PLoS ONE (Mar 2011)

Design of a protective single-dose intranasal nanoparticle-based vaccine platform for respiratory infectious diseases.

  • Bret D Ulery,
  • Devender Kumar,
  • Amanda E Ramer-Tait,
  • Dennis W Metzger,
  • Michael J Wannemuehler,
  • Balaji Narasimhan

DOI
https://doi.org/10.1371/journal.pone.0017642
Journal volume & issue
Vol. 6, no. 3
p. e17642

Abstract

Read online

Despite the successes provided by vaccination, many challenges still exist with respect to controlling new and re-emerging infectious diseases. Innovative vaccine platforms composed of adaptable adjuvants able to appropriately modulate immune responses, induce long-lived immunity in a single dose, and deliver immunogens in a safe and stable manner via multiple routes of administration are needed. This work describes the development of a novel biodegradable polyanhydride nanoparticle-based vaccine platform administered as a single intranasal dose that induced long-lived protective immunity against respiratory disease caused by Yesinia pestis, the causative agent of pneumonic plague.

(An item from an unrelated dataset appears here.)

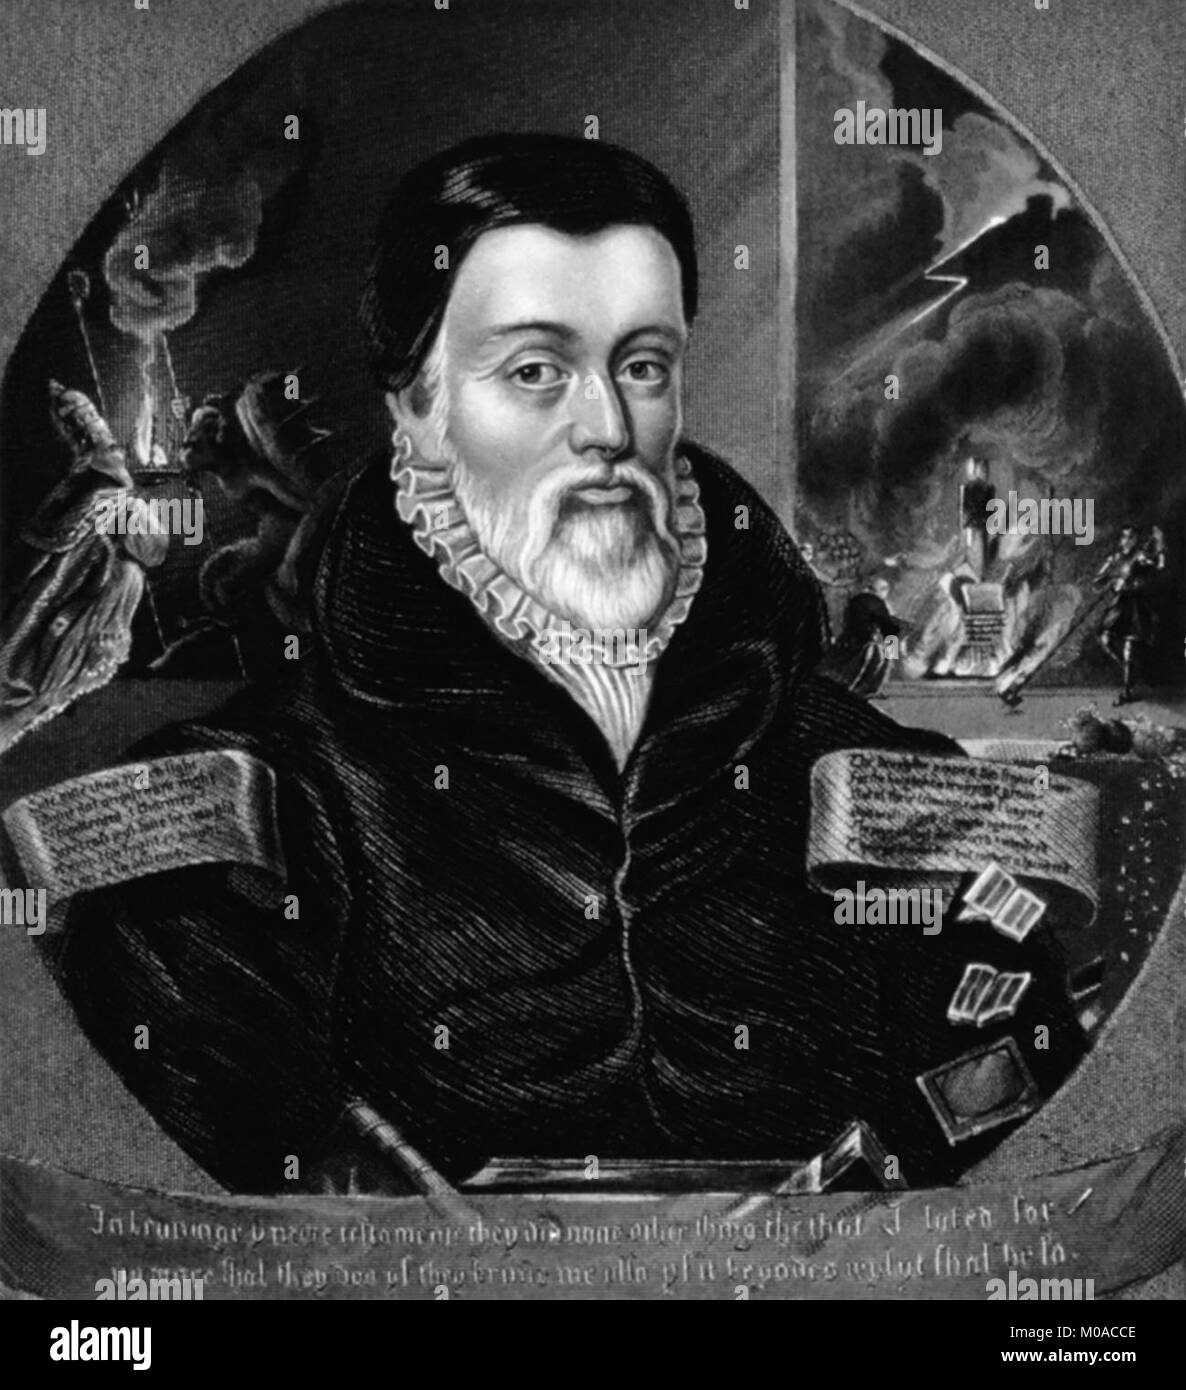 William Tyndale (1494 - 1536) era un studioso inglese e protagonista della riforma protestante che, sfidando la Chiesa Cattolica e il governo inglese, tradotto la Bibbia in lingua inglese, per la quale egli è stato strangolato e bruciato sul rogo nel 1536. Foto Stock

Relative to the responses induced by the recombinant protein F1-V alone and MPLA-adjuvanted F1-V, the nanoparticle-based vaccination regimen induced an immune response that was characterized by high titer and high avidity IgG1 anti-F1-V antibody that persisted for at least 23 weeks post-vaccination. After challenge, no Y. pestis were recovered from the lungs, livers, or spleens of mice vaccinated with the nanoparticle-based formulation and histopathological appearance of lung, liver, and splenic tissues from these mice post-vaccination was remarkably similar to uninfected control mice.